• [YOUR ASSIGNMENT]:
Output the data below exactly, without images.

• [SUPPLIED INFORMATION]:
▼▼▼

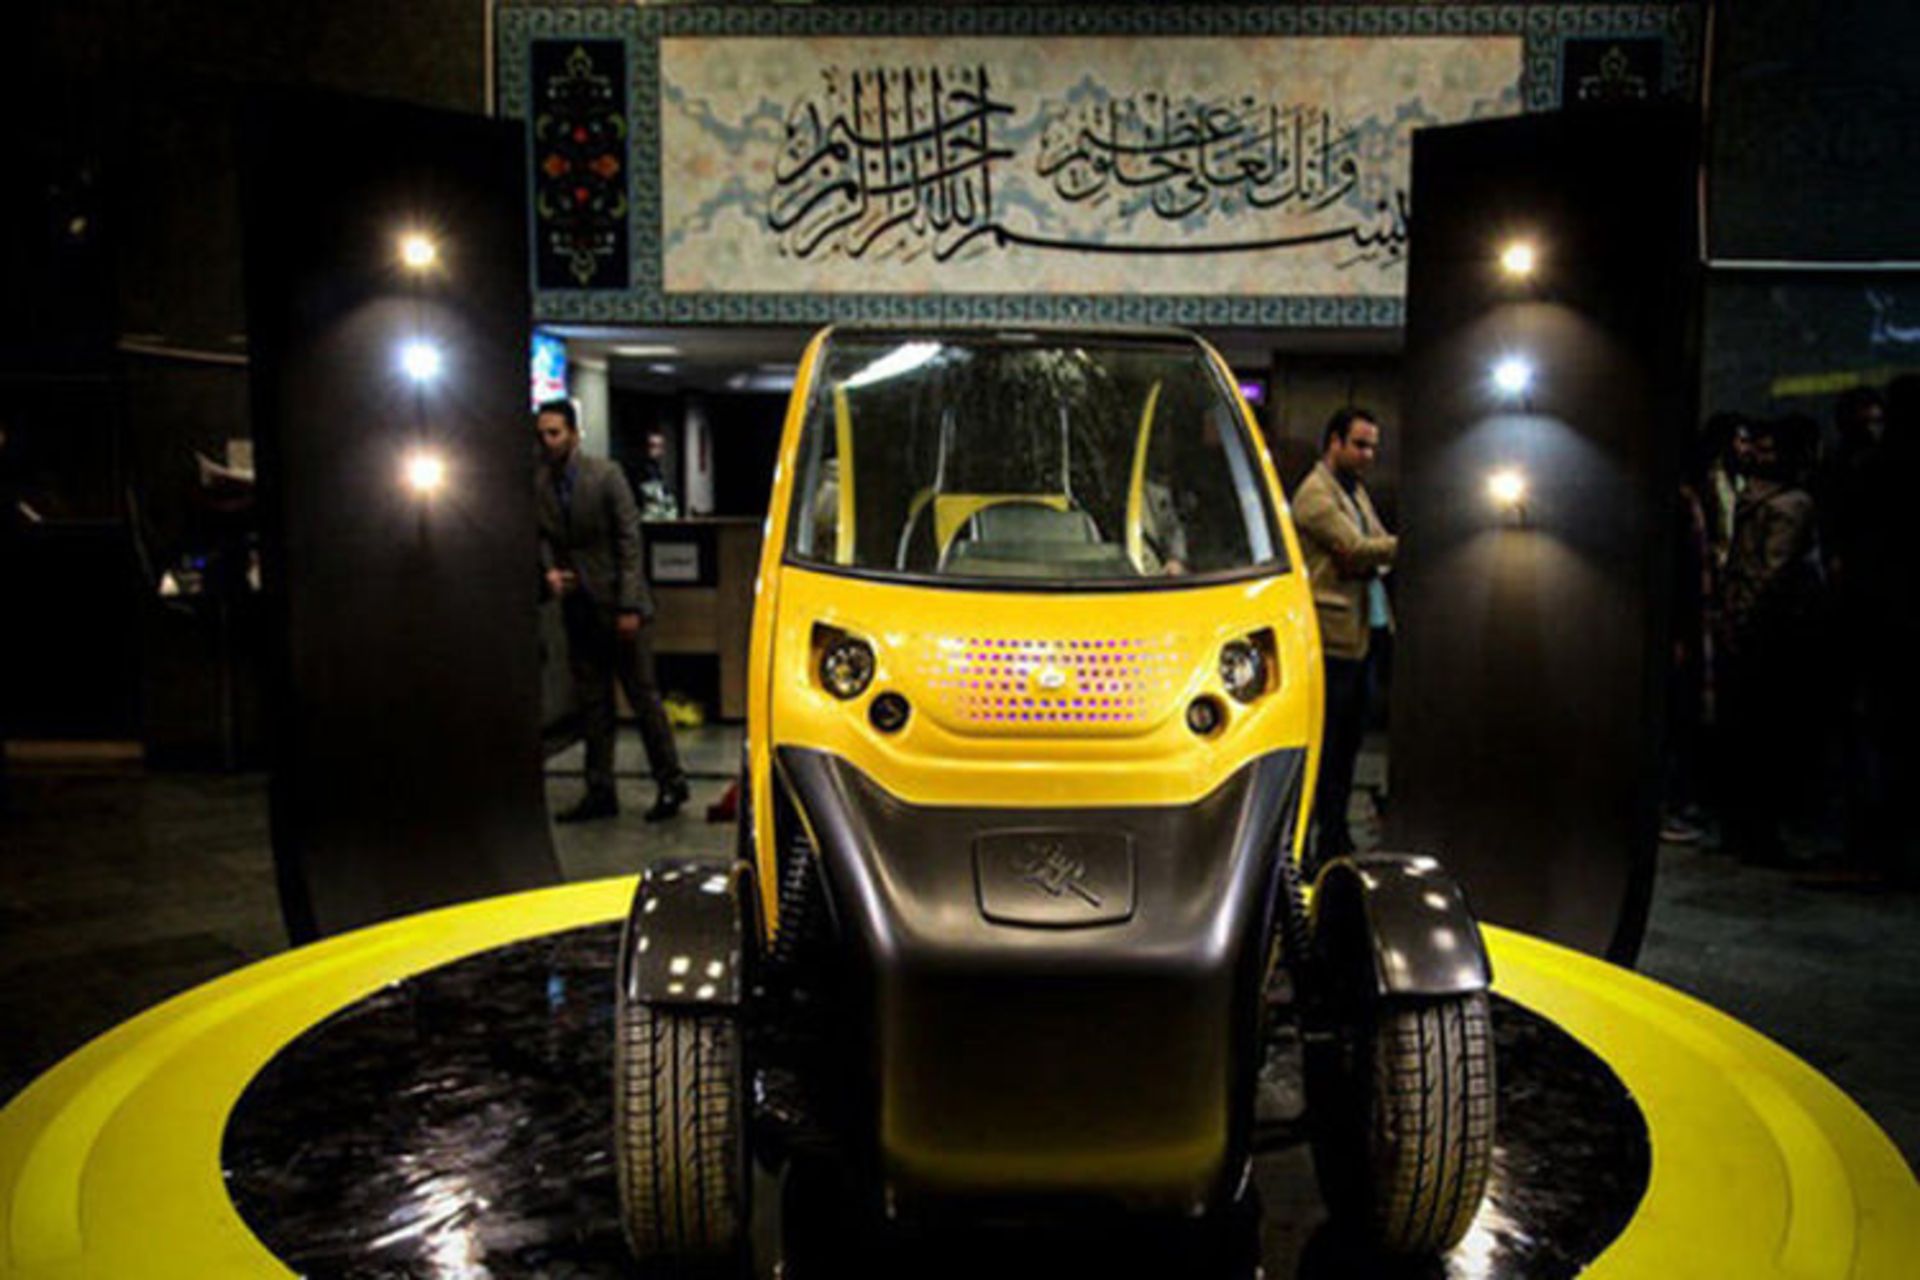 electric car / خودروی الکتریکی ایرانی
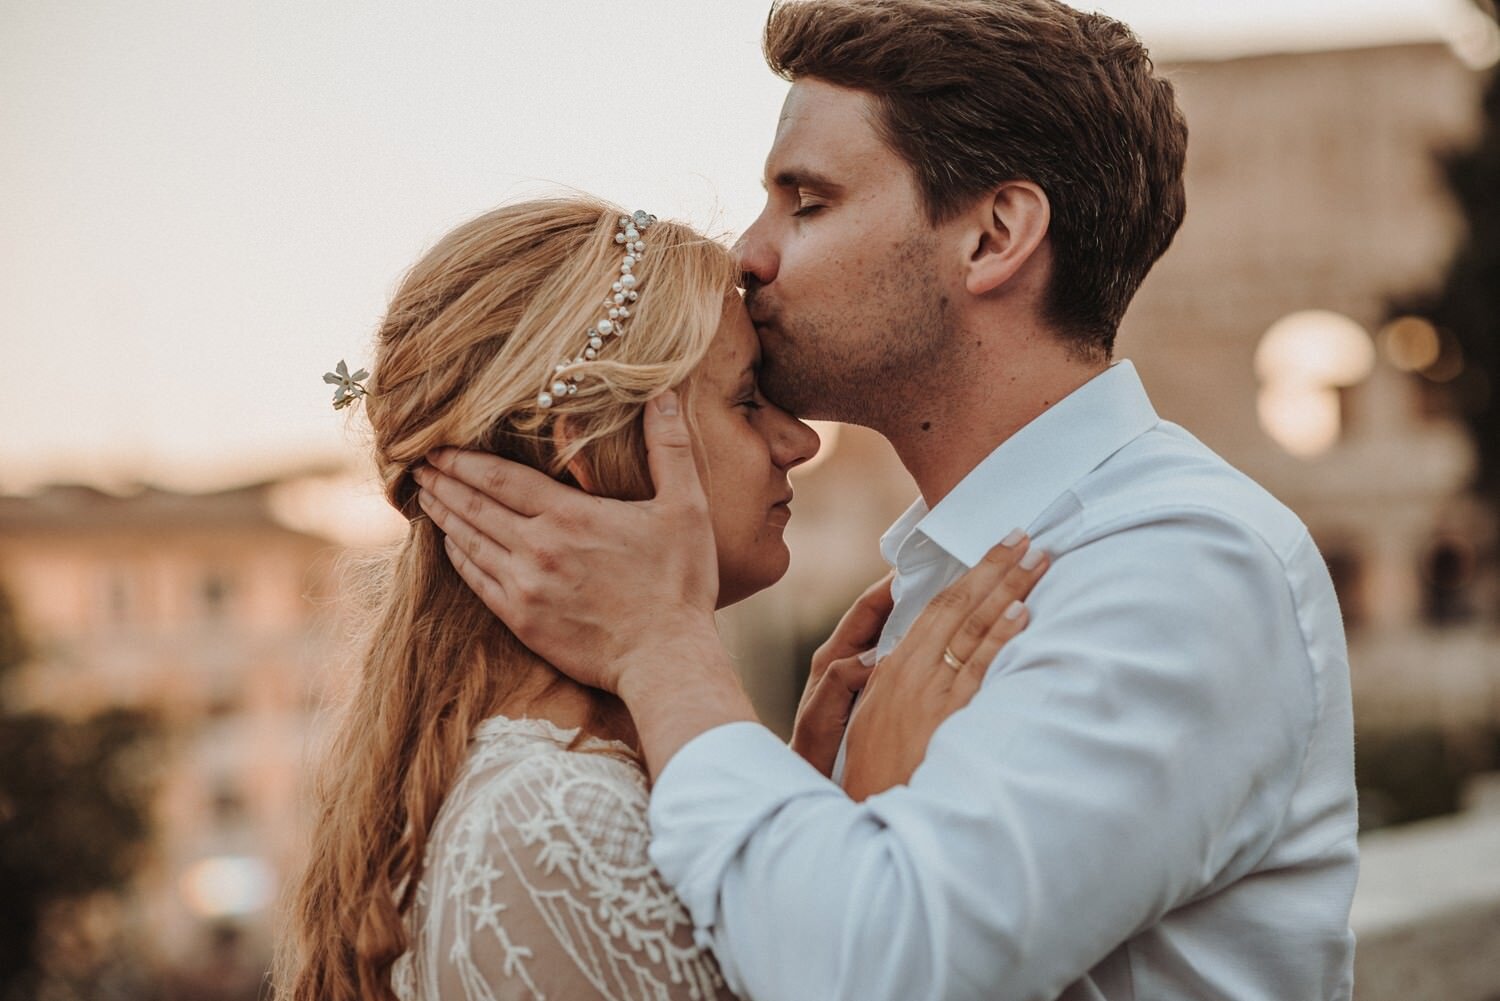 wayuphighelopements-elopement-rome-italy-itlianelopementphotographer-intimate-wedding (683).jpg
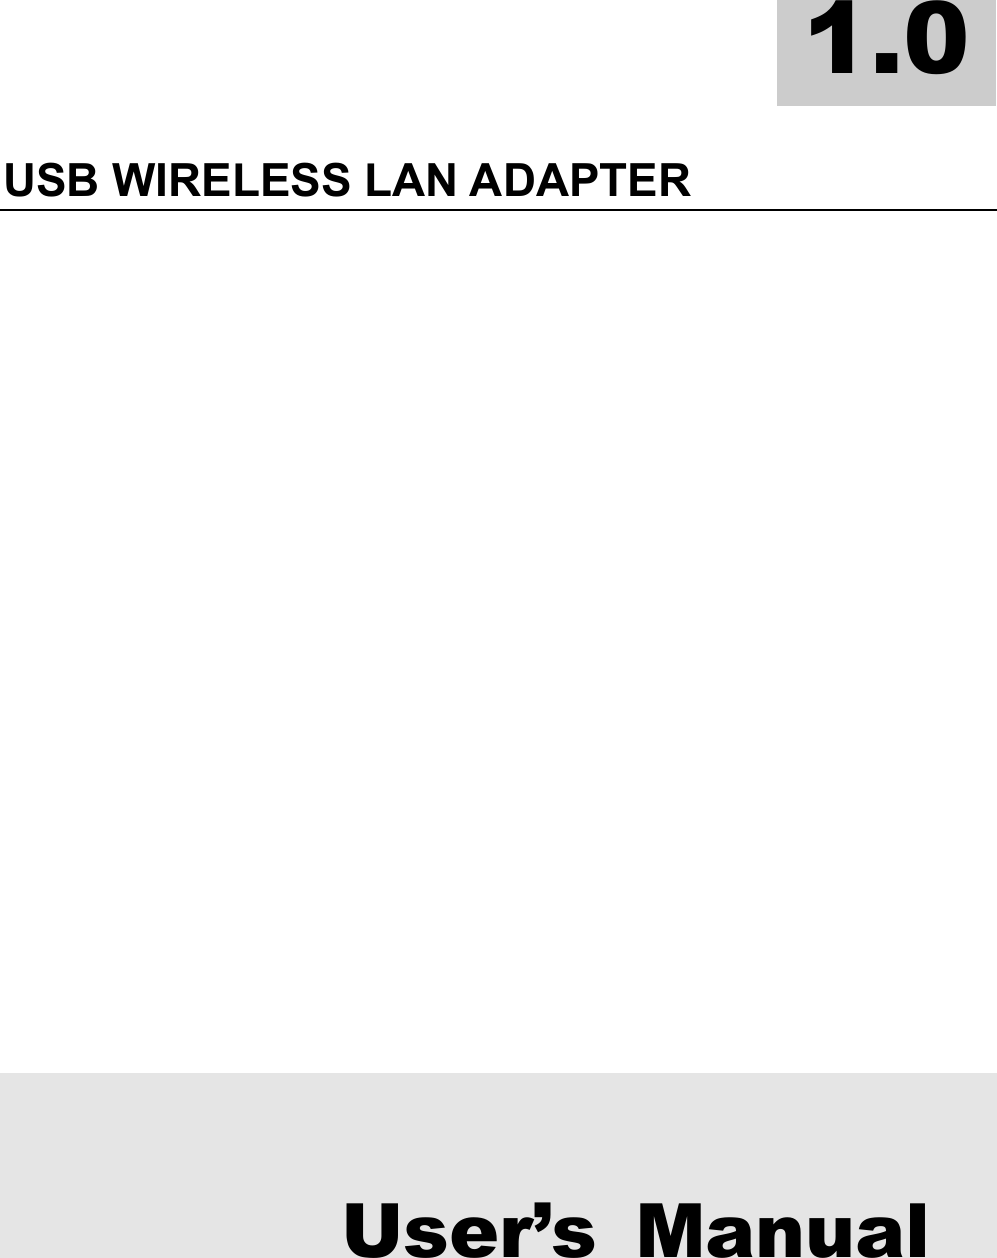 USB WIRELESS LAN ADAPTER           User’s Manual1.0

▲▲▲

• [WRITTEN REPLY]:
 electric car / خودروی الکتریکی ایرانی
 wayuphighelopements-elopement-rome-italy-itlianelopementphotographer-intimate-wedding (683).jpg
 USB WIRELESS LAN ADAPTER           User’s Manual1.0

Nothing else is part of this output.